Chronic pelvic pain (CPP) in women is staggeringly common, with incidence ranging from 5.7-26.6%, depending on the study. CPP is marked by intermittent or constant pain in the lower abdomen or pelvis, lasts at least six months, and is not associated directly with menstruation, pregnancy or intercourse. Mast cells are known to be involved in the inflammatory processes of these conditions and are therefore linked to CPP.
It can be caused a wide variety of conditions that affect organs or structures in the pelvis, including endometriosis, inflammatory bowel diseases affecting the lower tract, interstitial cystitis, ovarian cysts and hypermobility type Ehlers Danlos Syndrome (HEDS). Over half of women with CPP report chronic bladder pain, for which interstitial cystitis is a common cause. Interstitial cystitis is widely accepted to be a mast cell mediated disease.
Despite the frequency of CPP, many exploratory surgeries to identify the cause find nothing (28-55%). Chronic pain from these conditions alters the way the sensory nerves in the pelvic cavity send signals to the spinal cord. This in turn disrupts interpretation of pain and sensation by the nerves, creating more visceral pelvic pain.

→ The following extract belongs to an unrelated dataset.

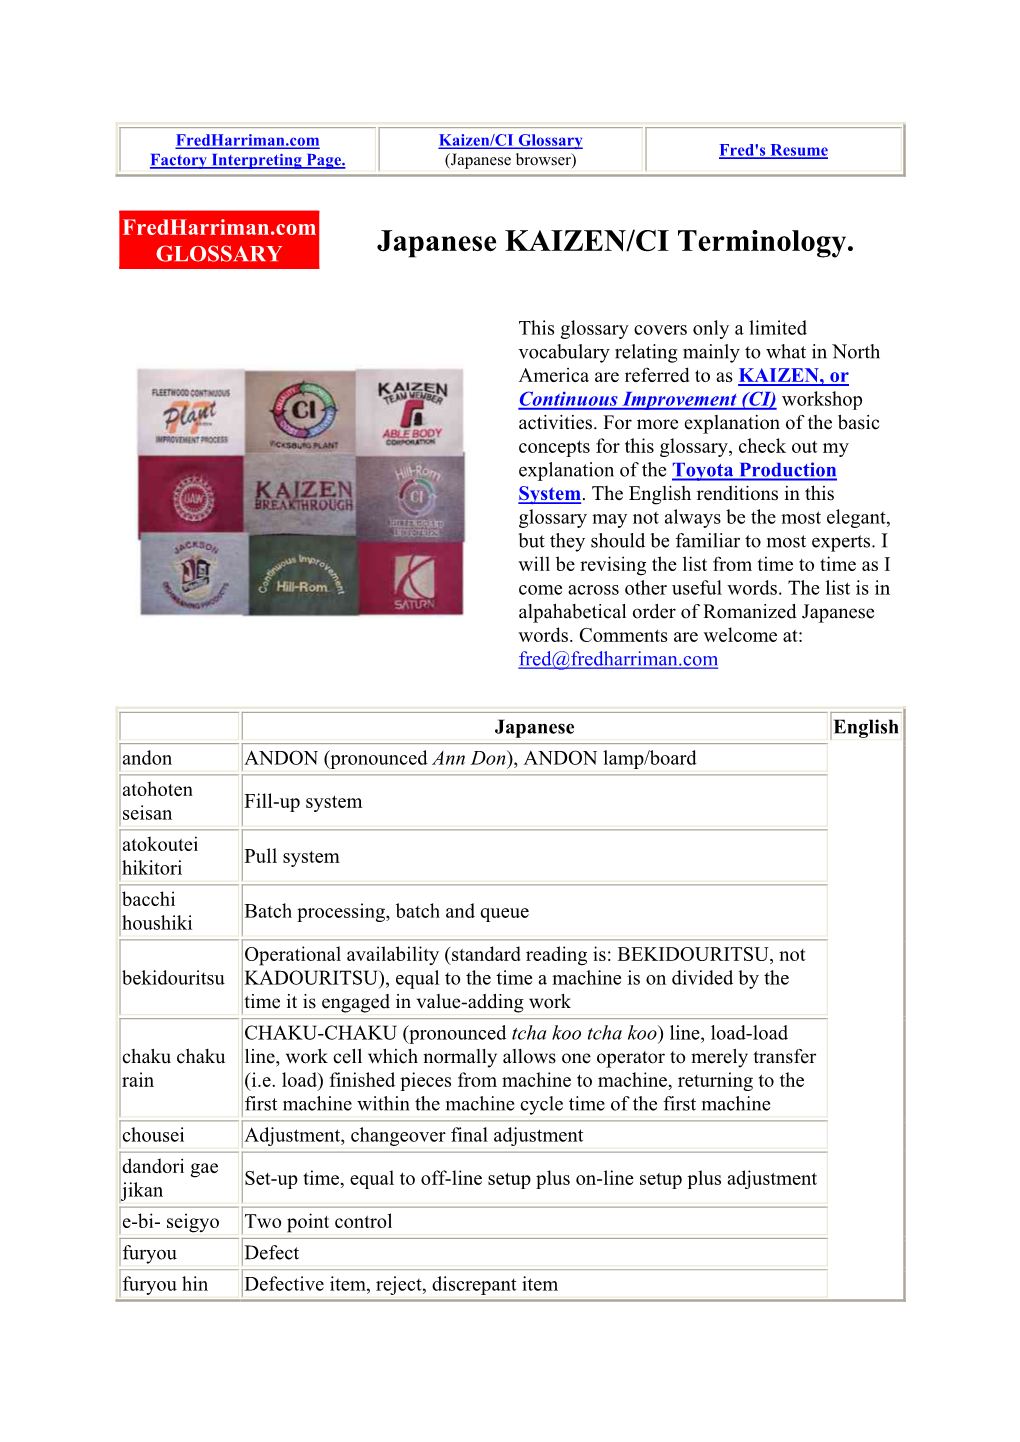 Japanese KAIZEN/CI Terminology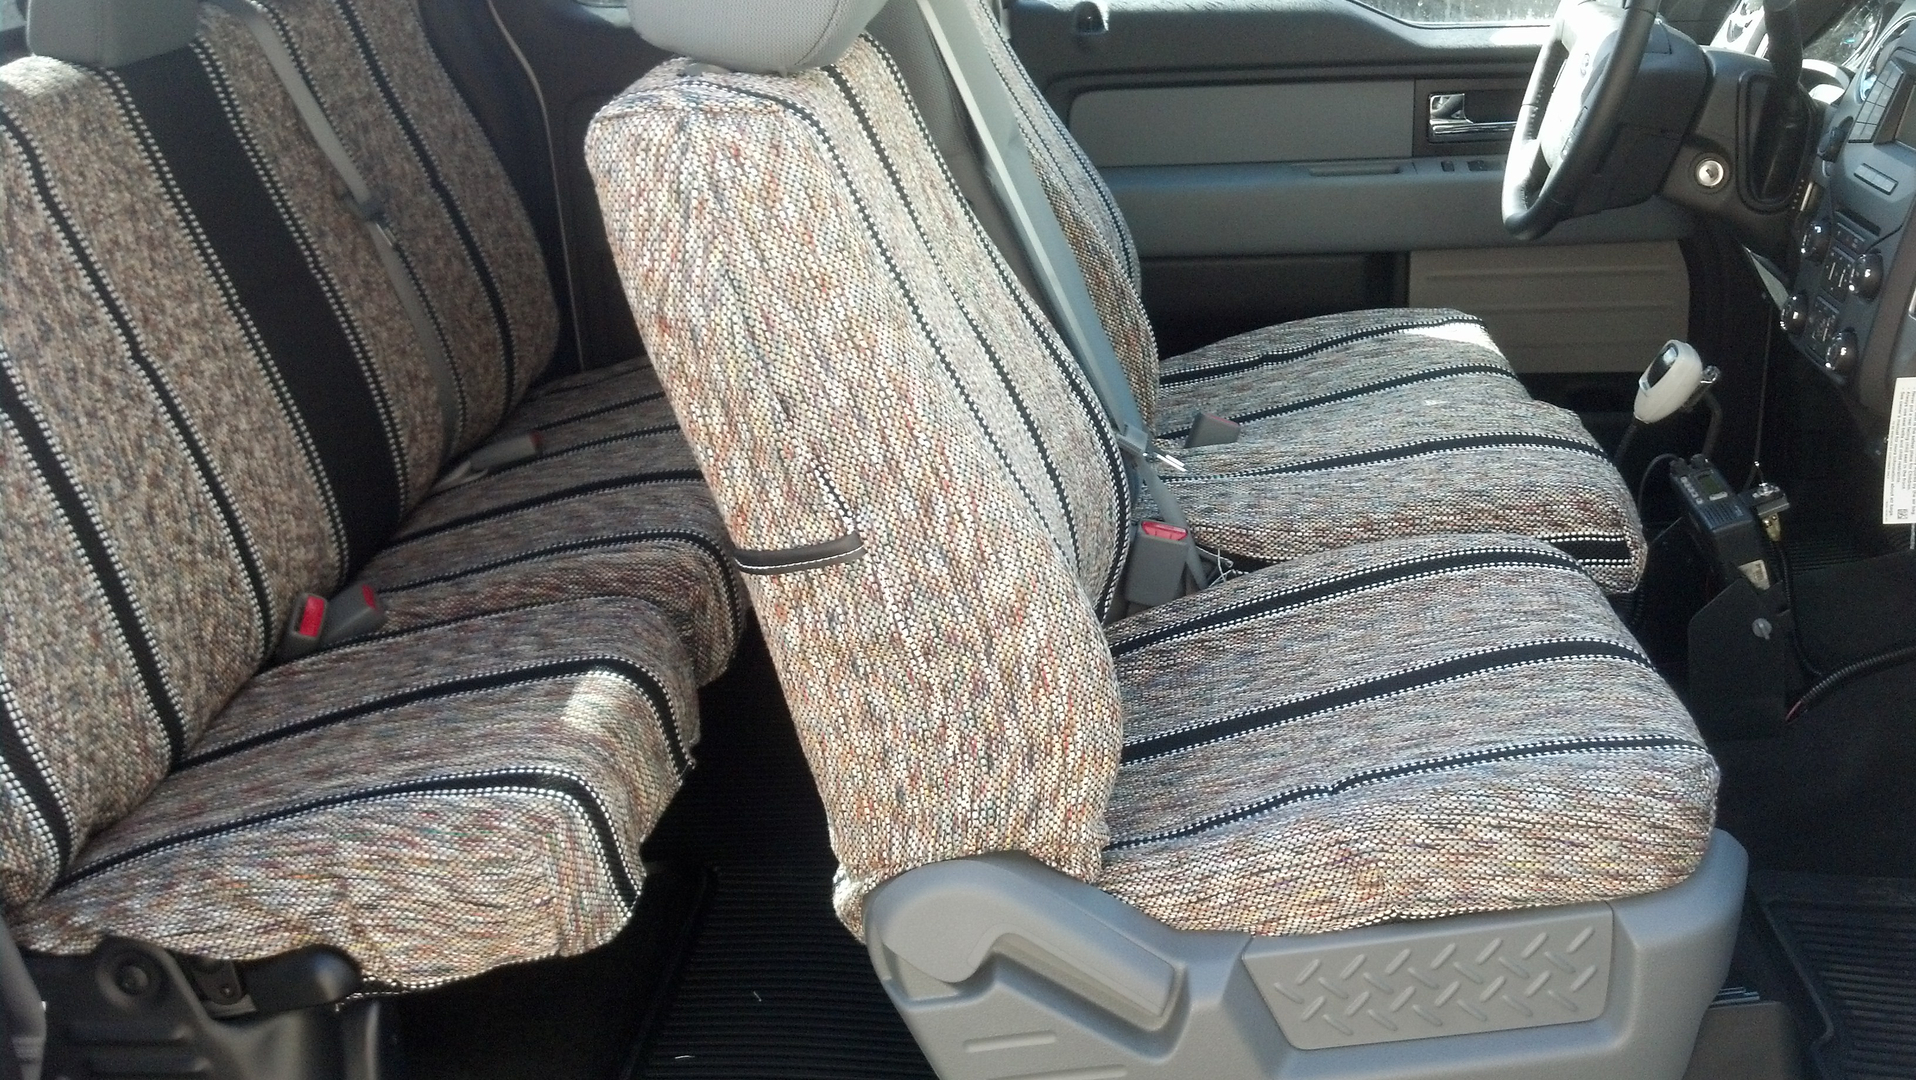 Auto seat covers

Pelvic floor dysfunction (PFD) affects about 26% of women with CPP. This dysfunction can cause embarrassing and disabling symptoms, including urinary and fecal incontinence. Pelvic organ prolapse occurs when organs such as the bladder move out of the correct position and impinge on other structures, such as the vagina. Pelvic organ prolapse can be called by pelvic floor dysfunction and it can cause pelvic floor dysfunction.
Sexual dysfunction affects 15-65% of PFD patients. PDF interferes with correct function of a number of muscles, including the levator ani, which hold urogenital structures in place and allow them stretch and contract during penetration and orgasm. Patients with pelvic organ prolapse often feel a bulge pushing against the vaginal wall that interferes with vaginal penetration. Vulvodynia, vestibulodynia, vaginismus and painful intercourse are commonly seen in PFD.
In PDF patients, muscles in the pelvic floor can be hypotonic (not tight enough), hypertonic (too tight), or have normal tone. Hypotonic dysfunction is more likely to cause incontinence, bladder symptoms and pelvic organ prolapse. Hypertonic dysfunction is associated much more with pain and sexual dysfunction. Reduction of the high tone is necessary to reduce pain.